== Segment start ==

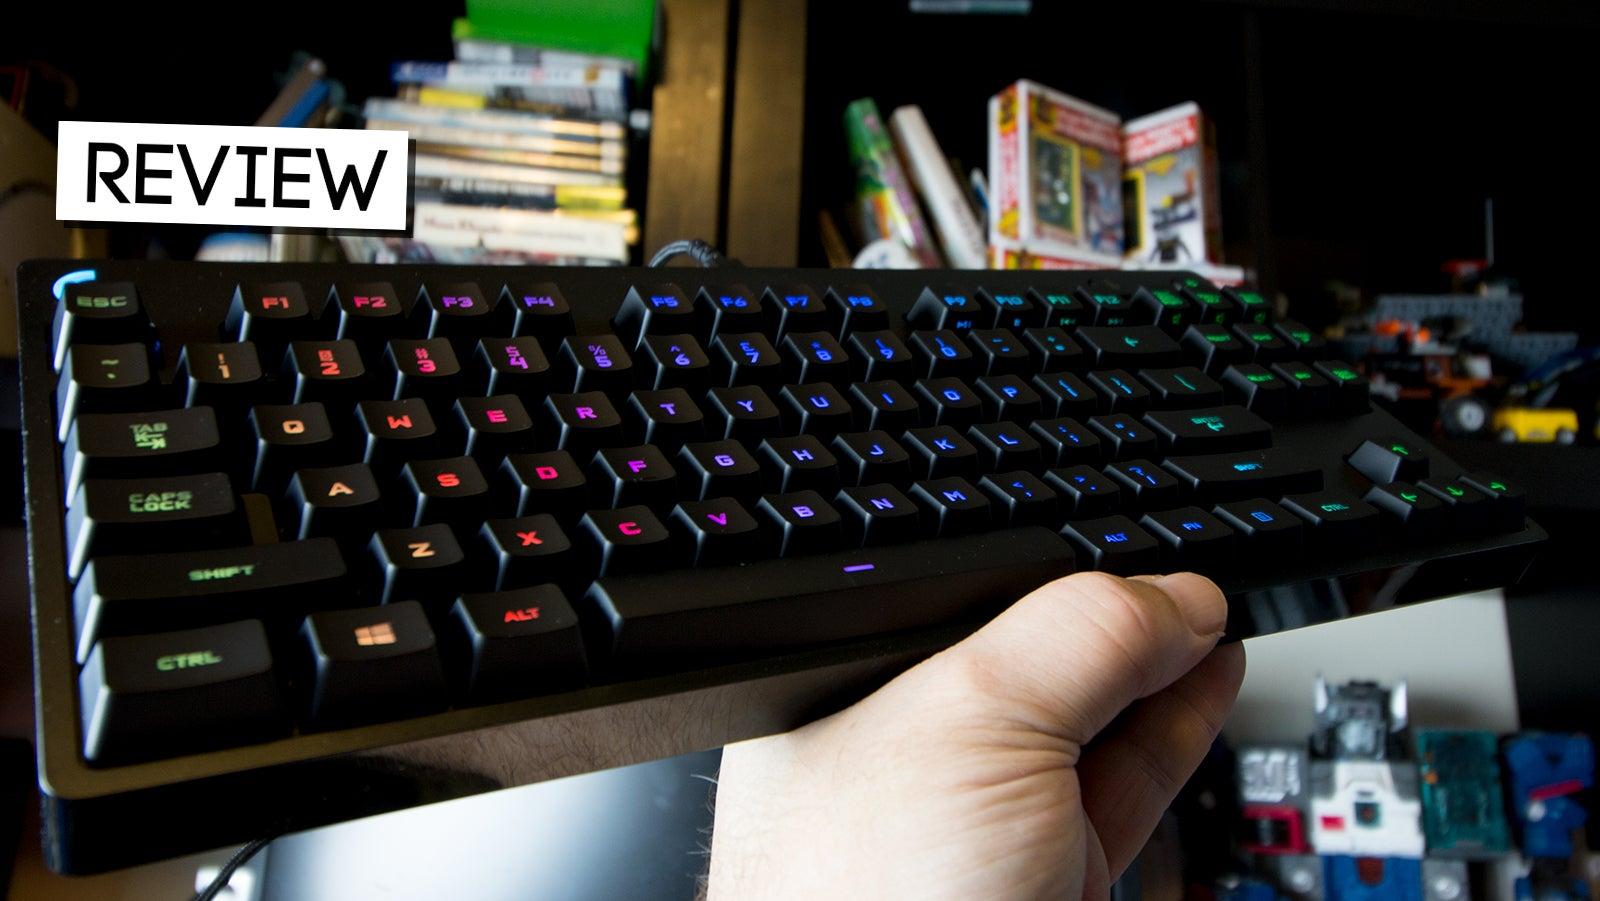 Logitech G Pro Gaming Keyboard Review: Professional Grade
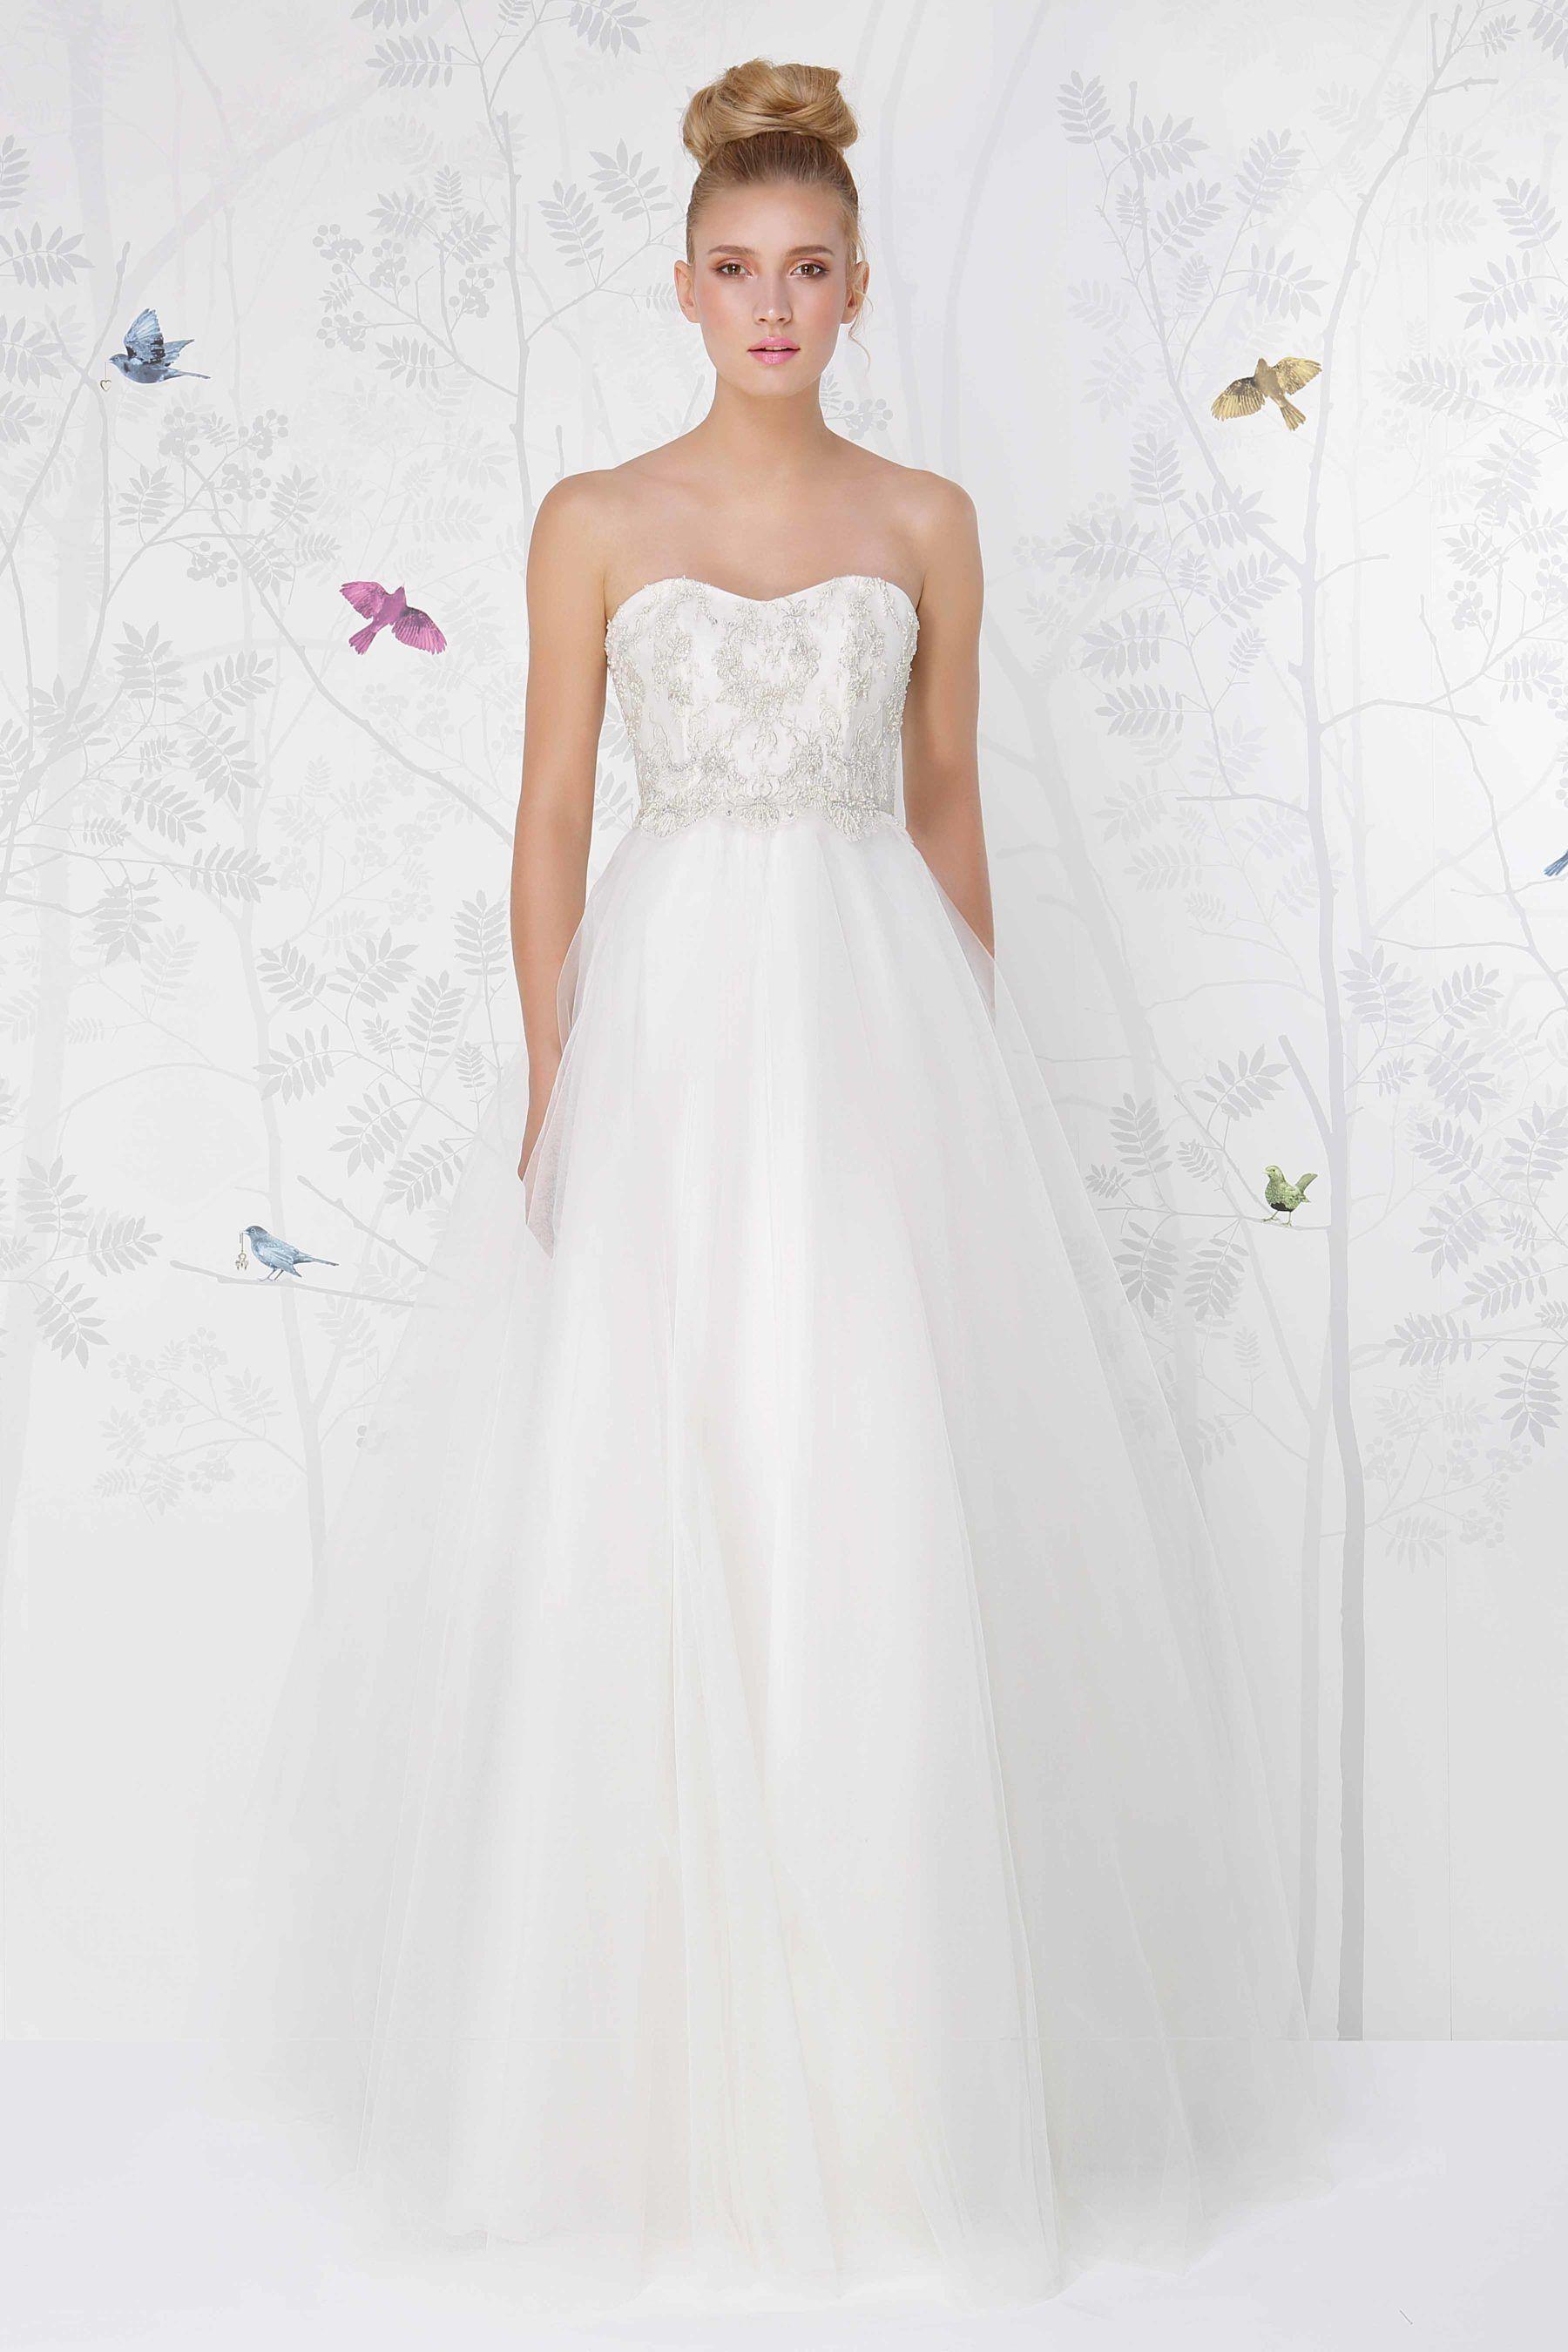 SADONI wedding dress LIANA with volumious tulle skirt and beaded sweetheart neckline
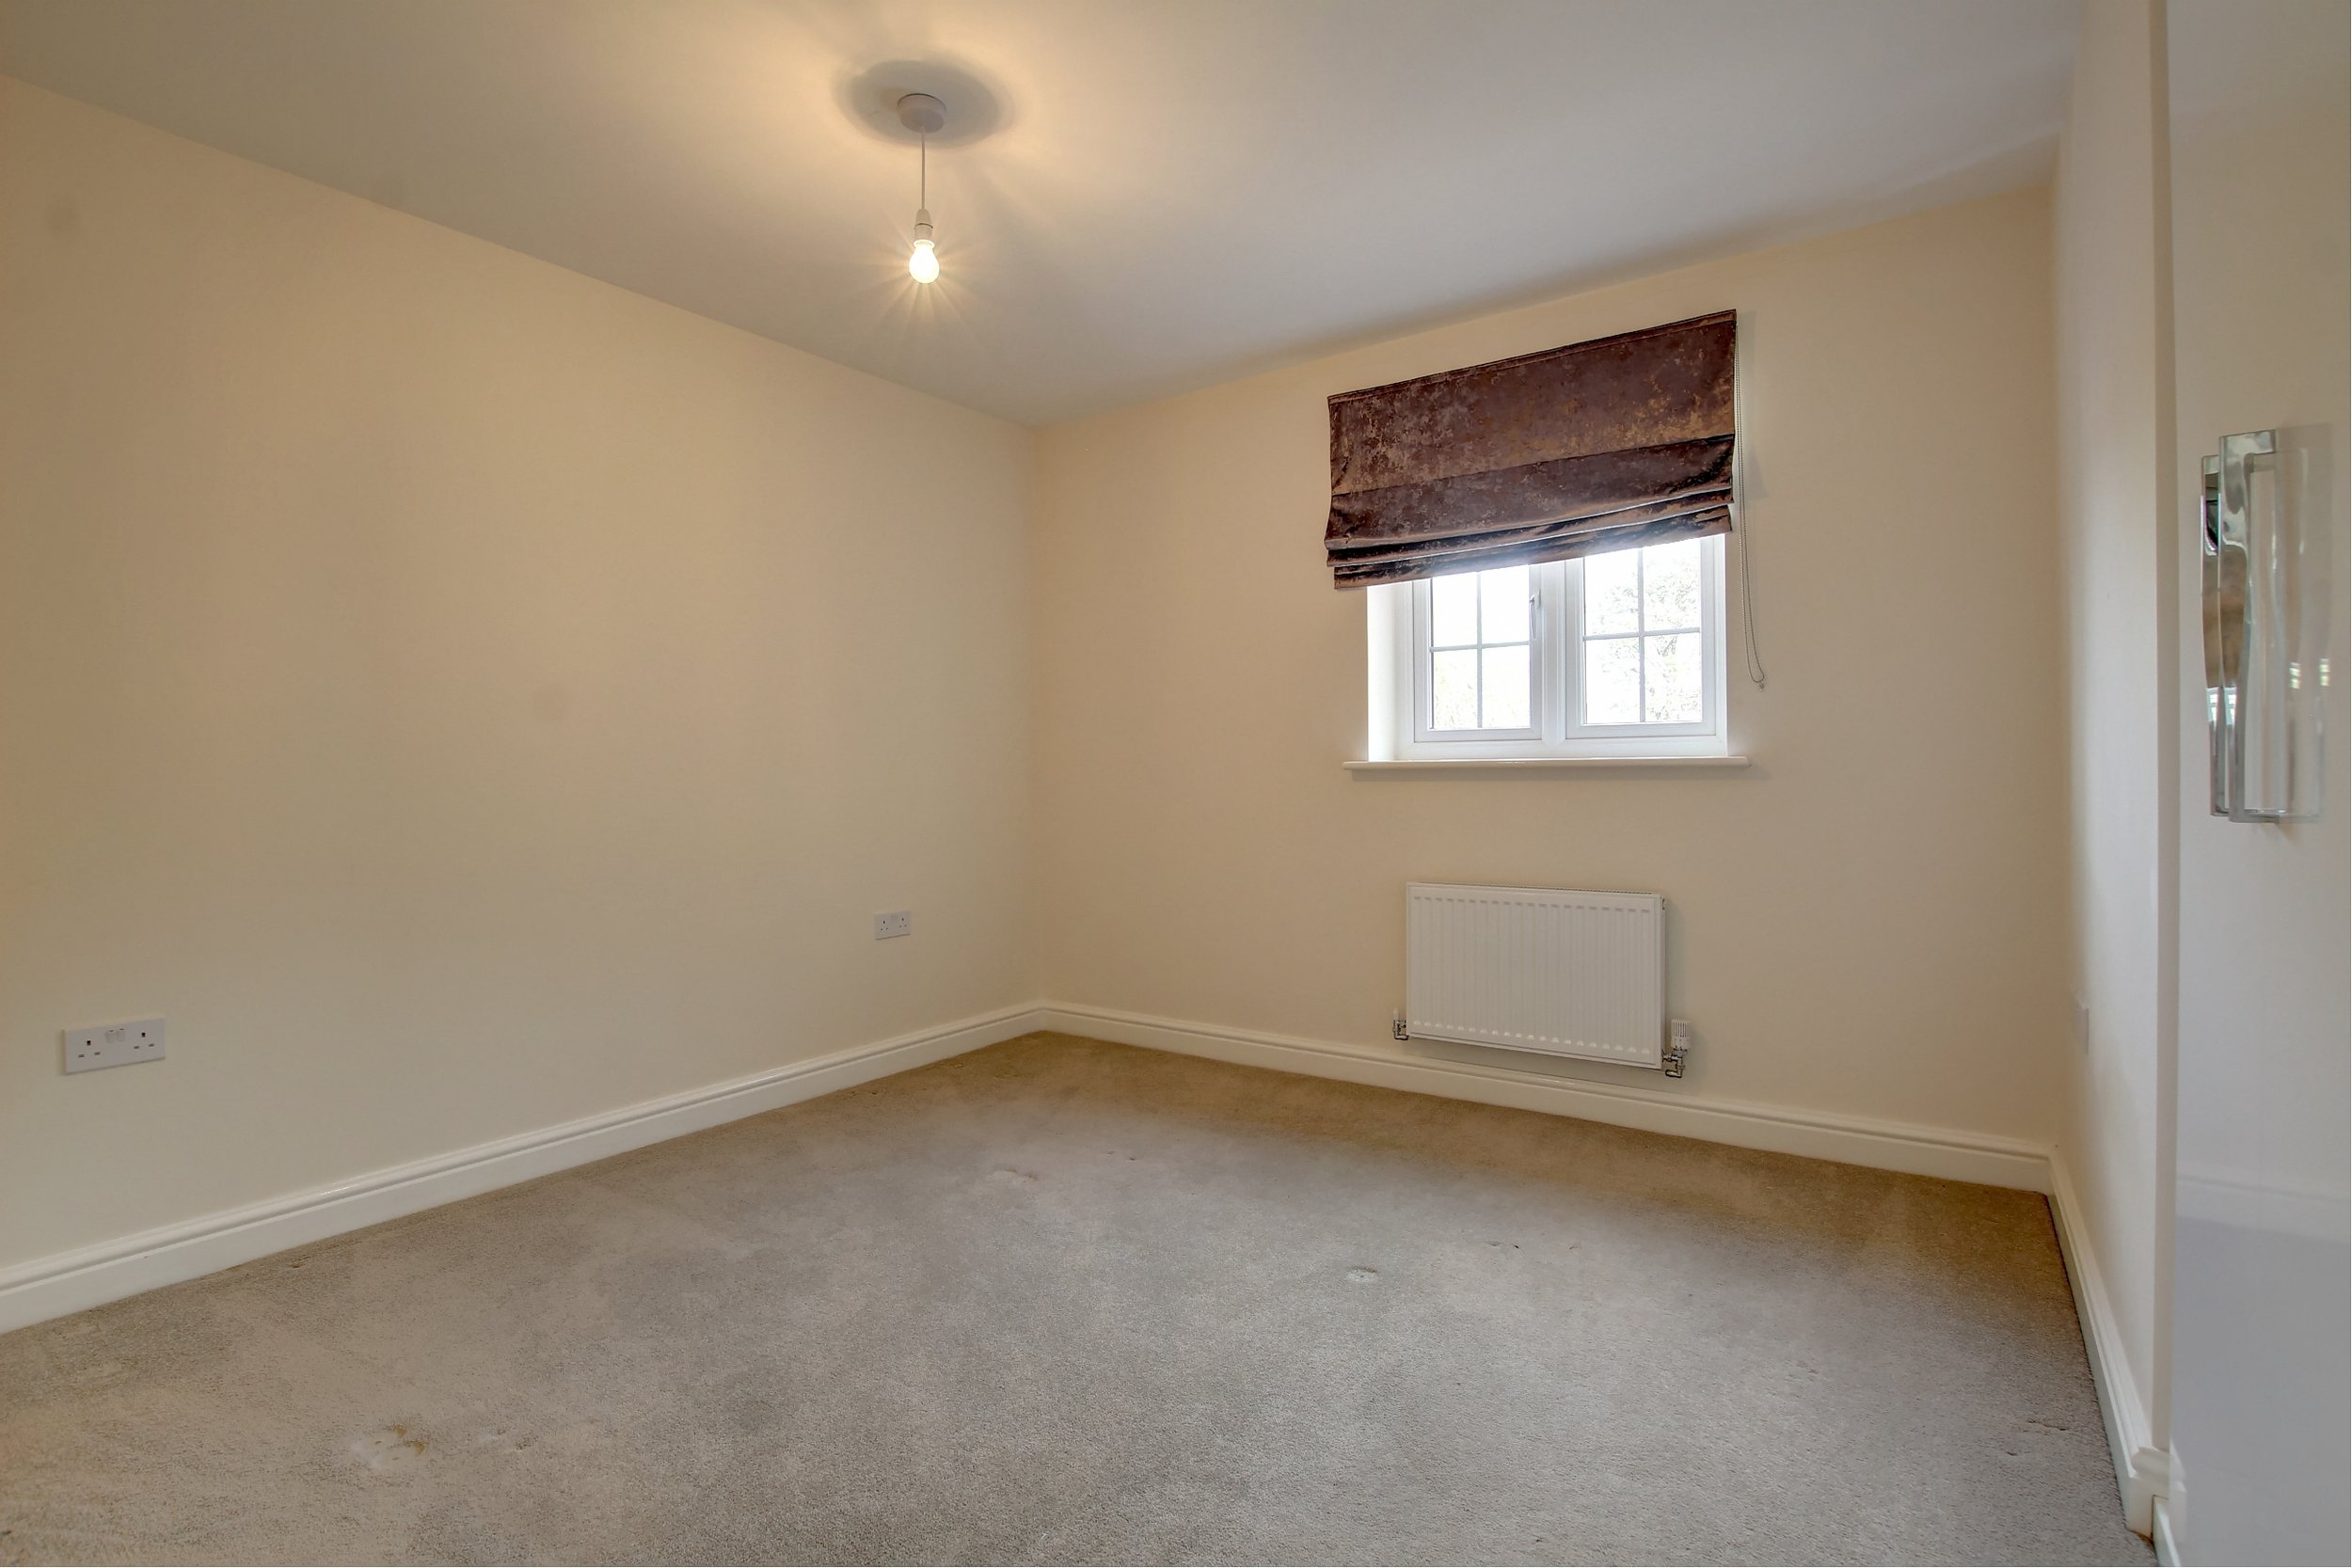 16 bedroom.jpg

== Segment end ==

_EXERCISE_
From the line holding "SADONI wedding dress" through the last line of the material above, each line should be written out exactly, both included; omit the pictures.

_YOUR RESPONSE_
 SADONI wedding dress LIANA with volumious tulle skirt and beaded sweetheart neckline
 16 bedroom.jpg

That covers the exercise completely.